- Official portrait in 1967

Deputy Speaker of Goa Legislative Assembly
- In office 7 April 1971 – 13 March 1972
- Preceded by: Manju Naik Gaonkar
- Succeeded by: Chandrakant Chodankar

Member of Goa Legislative Assembly
- In office 1967–1972
- Preceded by: Dattaram Desai
- Succeeded by: Dhulo Kuttikar
- Constituency: Quepem

Personal details
- Born: Shaba Krishnarao Desai 25 March 1931 Quepem, Goa, Portuguese India
- Died: 12 November 2008 (aged 77) Goa, India
- Party: Maharashtrawadi Gomantak Party
- Other political affiliations: Indian National Congress; Praja Socialist Party (till 1958);
- Spouse: Sushama Desai
- Alma mater: D.T.C. School, Belgaum (S.S.C); Sahitya Pradna (Marathi); D.M. Fine Arts and Commercial Art; Sir J. J. School of Art;
- Occupation: Politician; freedom fighter;
- Profession: Teacher
- Committees: Government Assurances; Delegated Legislation; Petitions; Library; Rules; Privileges;

= Shaba Desai =

Indian politician and freedom fighter (1931–2008)

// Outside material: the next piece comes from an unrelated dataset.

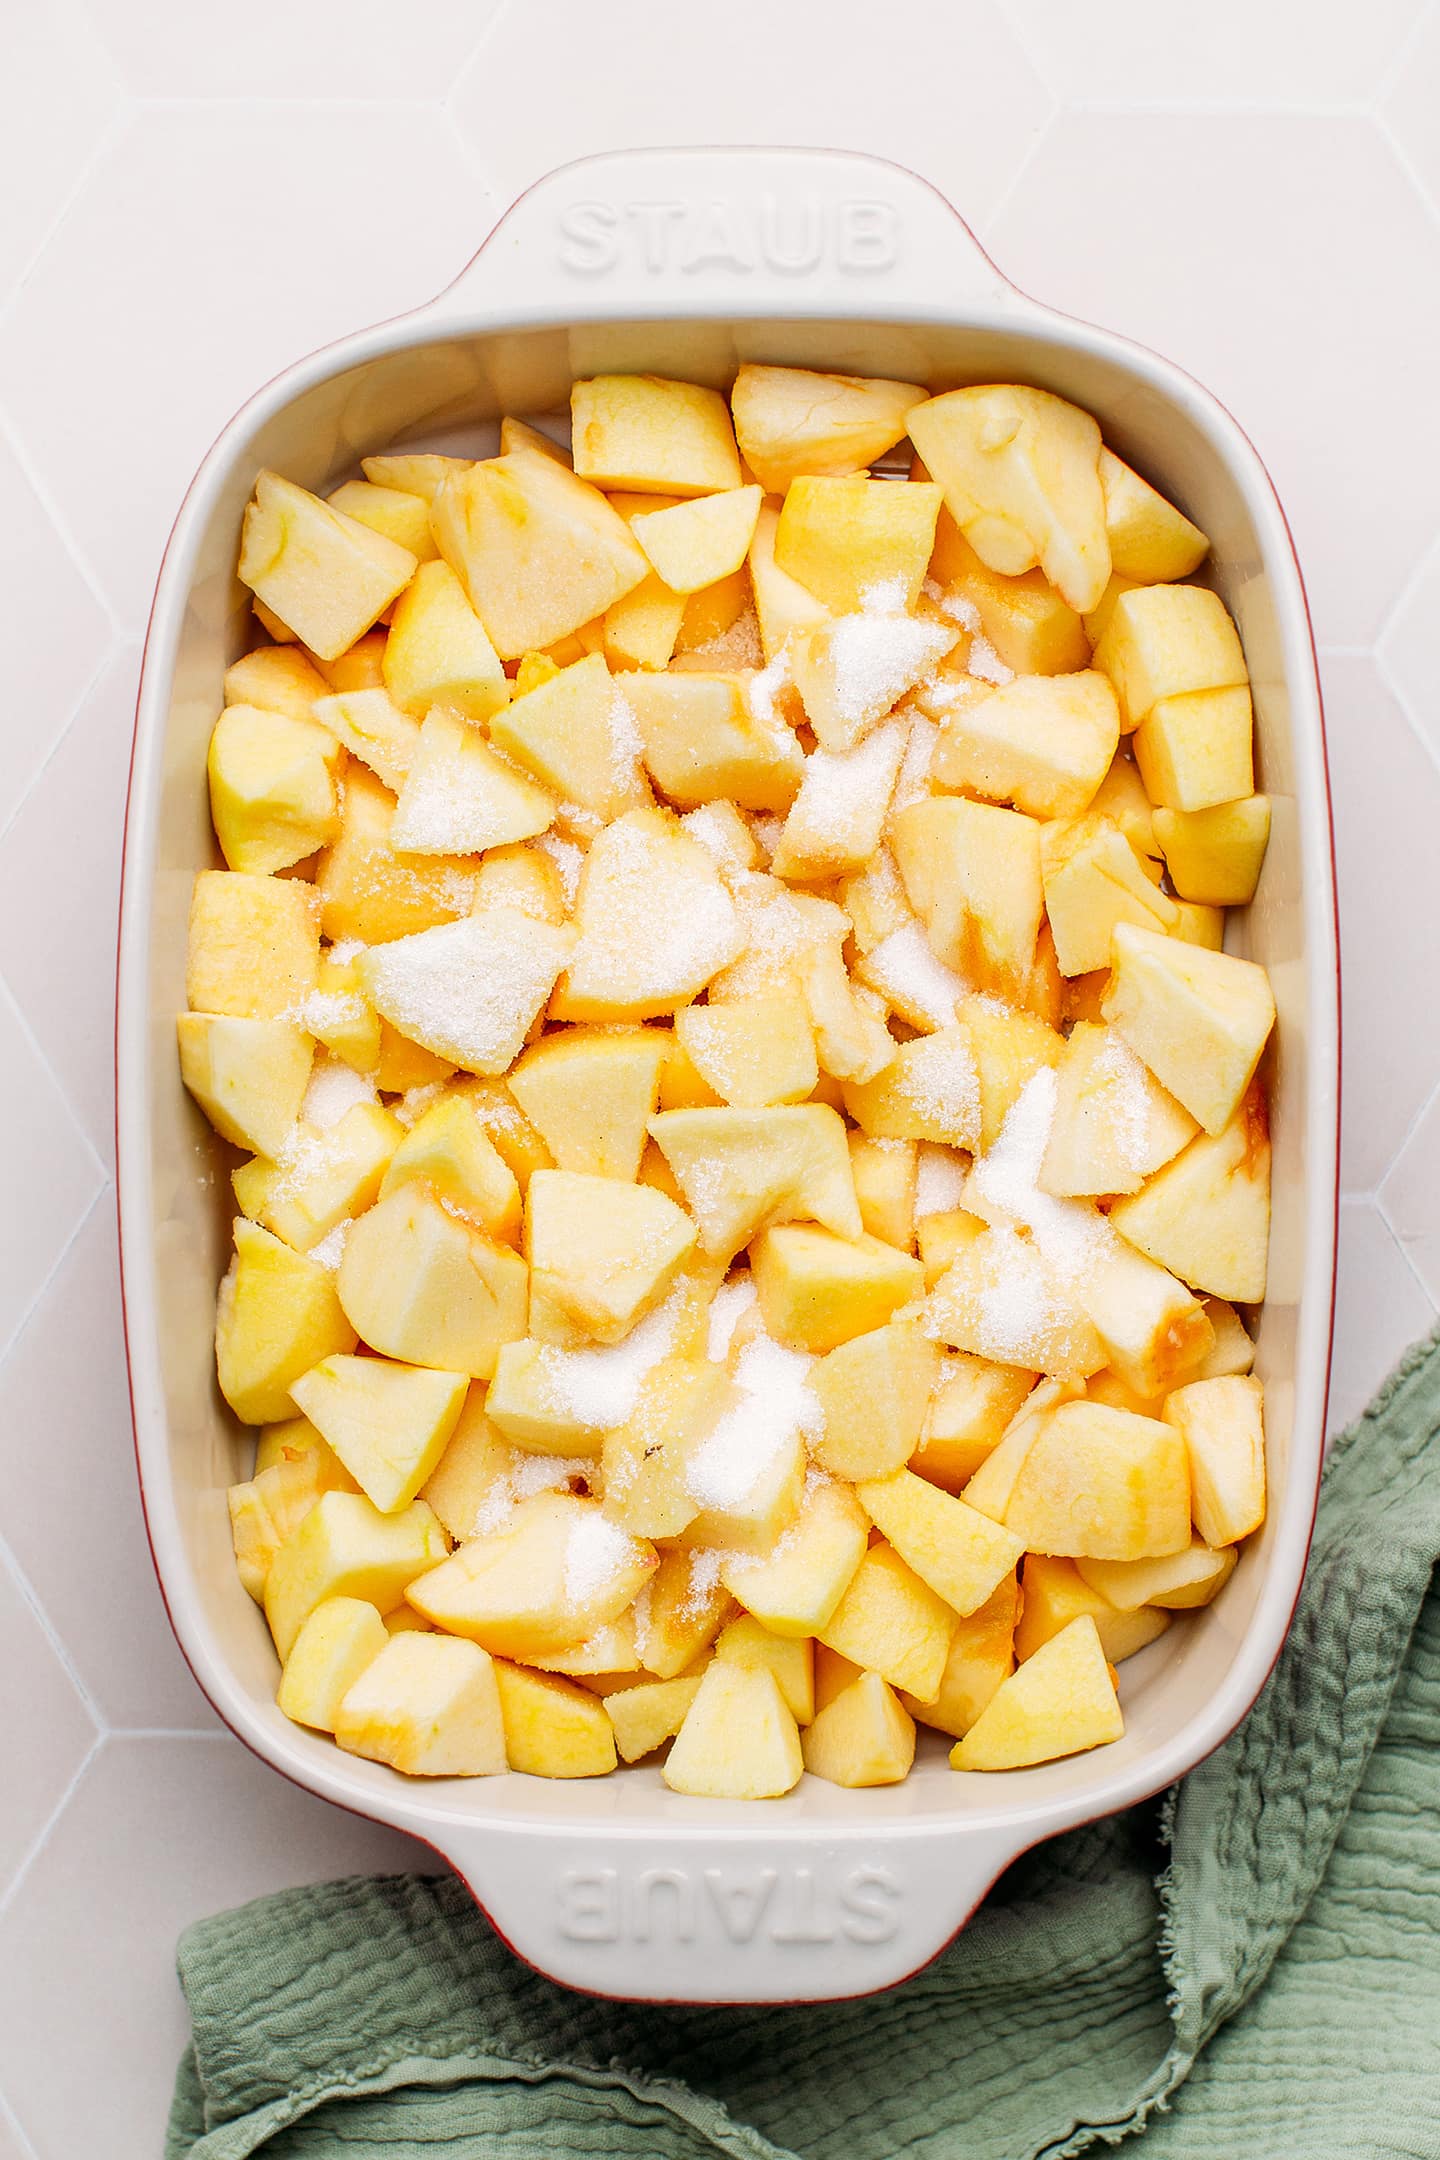 Diced apples in a baking dish.

Shaba Krishnarao Desai (25 March 1931 – 12 November 2008) was an Indian politician, teacher and freedom fighter who was a former member of the Goa Legislative Assembly, representing the Quepem Assembly constituency from 1967 to 1972. Desai also served as a Deputy Speaker of the Goa Legislative Assembly from 1971 to 1972. He was a member of the Rastra Seva Dal.

==Early and personal life==
Shaba Krishnarao Desai was born in Quepem. He completed his Secondary School Certificate from D.T.C. School, Belgaum. He was also an alumnus of Sahitya Pradna, D.M. Fine Arts and Commercial Art and Sir J. J. School of Art, Bombay (now Mumbai). He was married to Sushama Desai.

==Career==
Desai joined Indian National Congress Goa as an underground worker while celebrating the Tere Khol Day. He was arrested and incarcerated for 27 days. Desai was also a member of the Praja Socialist Party till 1958.